As I try to sort out what on earth I'm going to say on Friday during my public critique, here are some thoughts:
There is a cluster of connected ideas that I have been thinking about over the past several months, centered loosely around our relationship to animals. It started with the interesting notion that we often have to personify animals or imbue them with human characteristics in order to care about them. Like, it's not enough just to say "animals live in the woods so let's leave them alone and stop cutting down the woods", we have to give the animals human virtues. A good example and the animal that started me down this path is the rat -- if there are a whole bunch, they are pests, an infestation, and we exterminate them. On the other hand, these same animals are described as being smart, affectionate, social, capable of learning new things, recognizing their owner and being playful. There is even evidence that they laugh when they play. I'm interested in the way that this rhetoric or framing of animals affects the way we view them, and how problematic it can be if you have 30 rats chewing through your electric cords or want to eat a hamburger.
The second is a throwaway comment someone made that pointed out that at many points in history, whenever someone in power wants to enact a genocide, they repeatedly compare the "lesser" group of people to cockroaches and pests. It's amazing to me that these very simple rhetorical/verbal devices can have such a profound influence on the way we view something.
Therefore, at this moment, I think I am interested in this rhetorical framing of animals and people.

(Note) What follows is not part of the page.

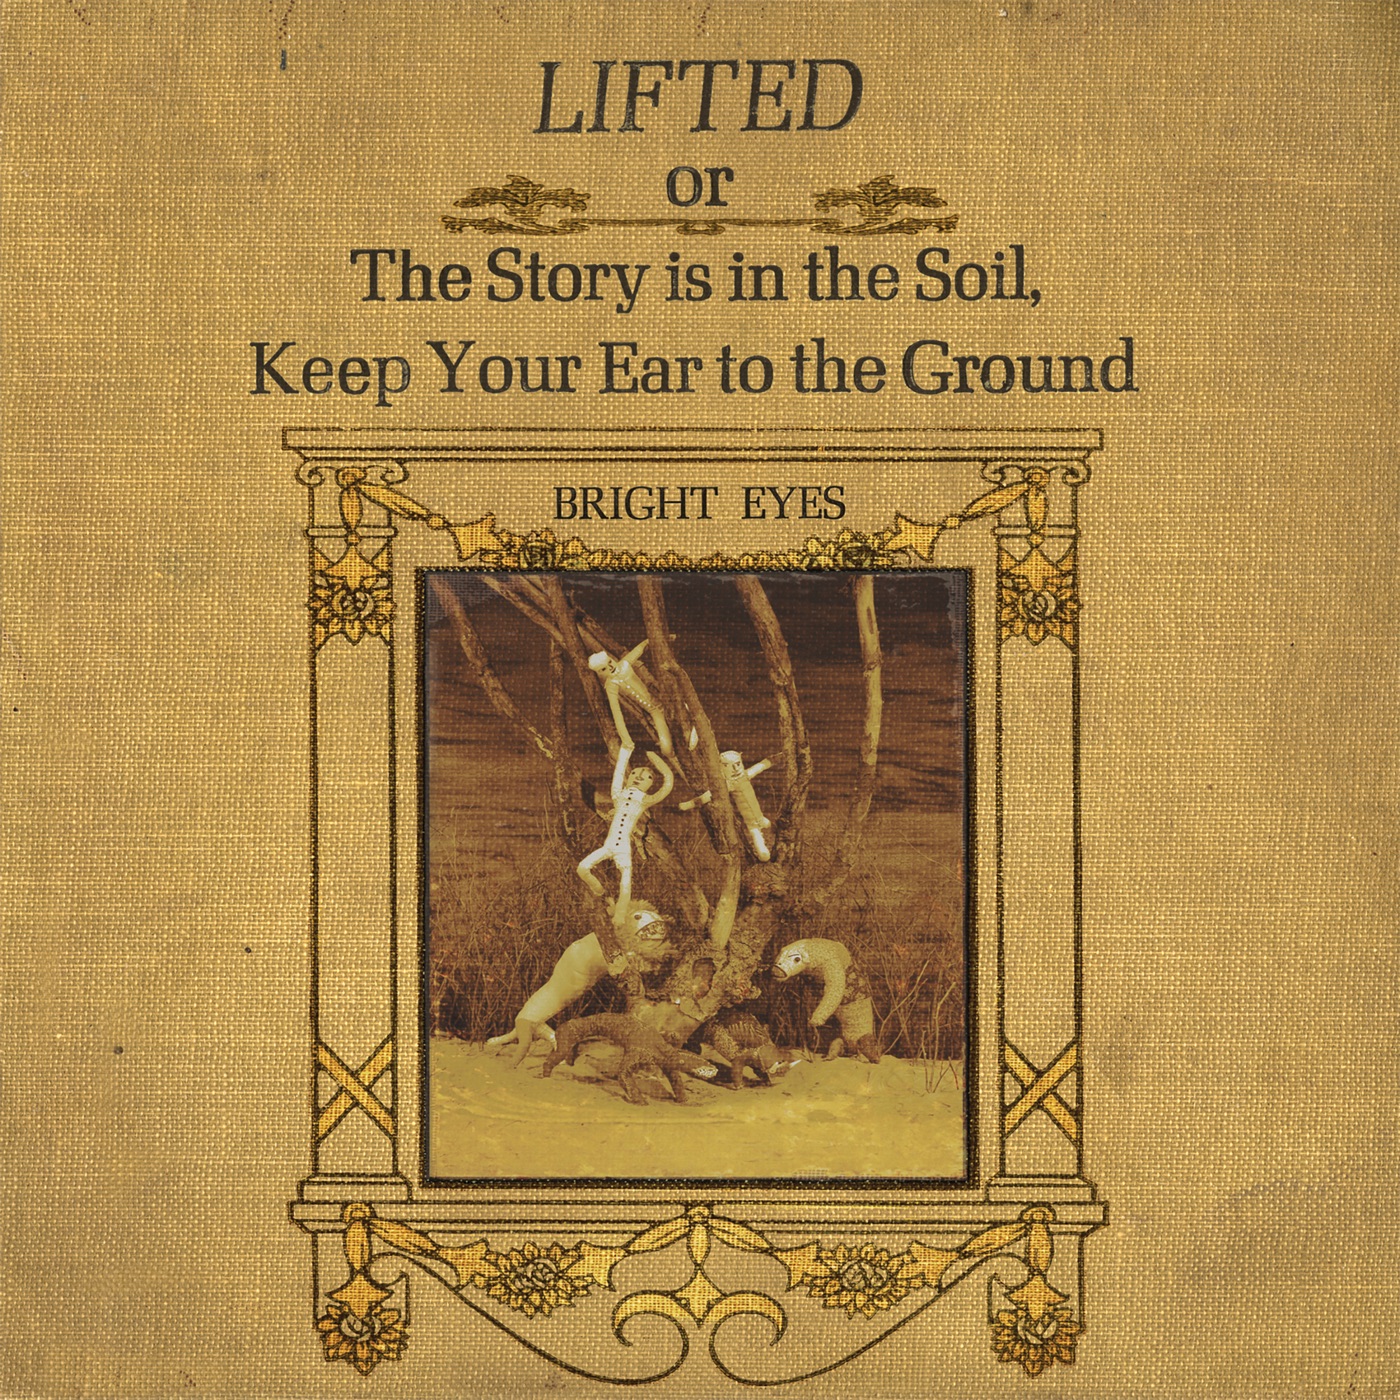 LIFTED or The Story Is in the Soil, Keep Your Ear to the Ground by Bright Eyes

The third idea that I think is somewhat related -- this notion of specialness, wanting to be special, individual or "real" like the velveteen rabbit being personified and unique and special, like Carl Sagan . . .

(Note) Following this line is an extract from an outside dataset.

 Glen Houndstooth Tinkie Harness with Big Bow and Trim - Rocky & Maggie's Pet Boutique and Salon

I realize that this collection of notes and thoughts, while directly feeding into and really generating my artistic output, makes less sense when it talks about that artistic output and doesn't show it. But that isn't the point. :) Suffice it to say right now I'm making paintings, and they are of stuffed animals, and I see them as a way to investigate the way we look at animals. With these pieces, I'm particularly interested in the moment where the image slips between being something cuddly and something life-threatening, something alive-looking, dead-looking, and never alive in the first place, between a pile of toys and a pile of slaughtered animals, etc.